Statistical Methods for Analyzing Tissue Microarray Images - Algorithmic Scoring and Co-training.

link: http://arxiv.org/abs/1102.0059
Abstract

Recent advances in tissue microarray technology have allowed
immunohistochemistry to become a powerful medium-to-high throughput analysis
tool, particularly for the validation of diagnostic and prognostic biomarkers.

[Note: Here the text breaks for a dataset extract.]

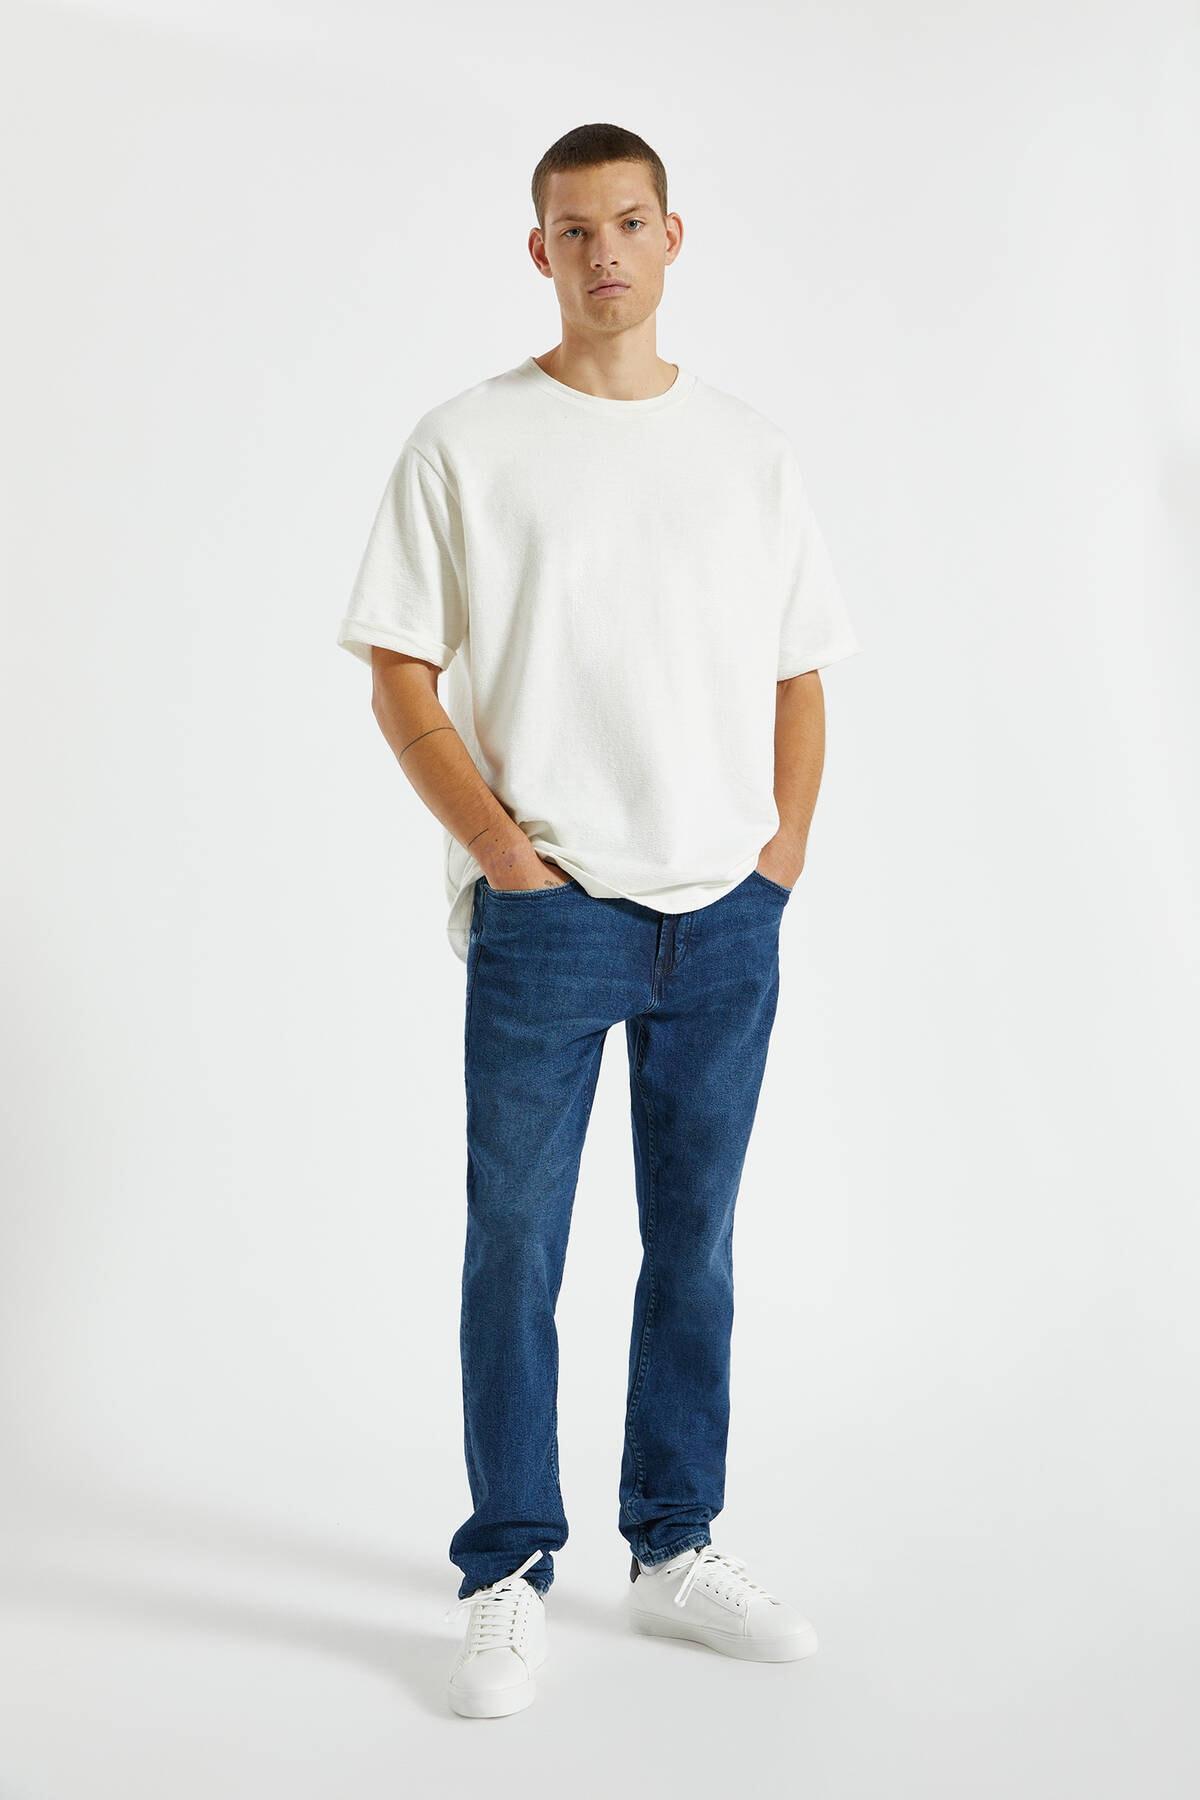 Pull & Bear Erkek Koyu Mavi Comfort Slim Fit Jean 09683530 0

However, as study size grows, the manual evaluation of these assays becomes a
prohibitive limitation; it vastly reduces throughput and greatly increases
variability and expense. We propose an algorithm - Tissue Array Co-Occurrence
Matrix Analysis (TACOMA) - for quantifying cellular phenotypes based on
textural regularity summarized by local inter-pixel relationships. The
algorithm can be easily trained for any staining pattern, is absent of
sensitive tuning parameters and has the ability to report salient pixels in an
image that contribute to its score. Pathologists' input via informative
training patches is an important aspect of the algorithm that allows the
training for any specific marker or cell type. With co-training, TACOMA can be
trained with a radically small training sample (e.g., with size 30). We give
theoretical insights into the success of co-training via thinning of the
feature set in a high dimensional setting when there is "sufficient" redundancy
among the features. TACOMA is flexible, transparent and provides a scoring
process that can be evaluated with clarity and confidence. In a study based on
an estrogen receptor (ER) marker, we show that TACOMA is comparable to, or
outperforms, pathologists' performance in terms of accuracy and repeatability.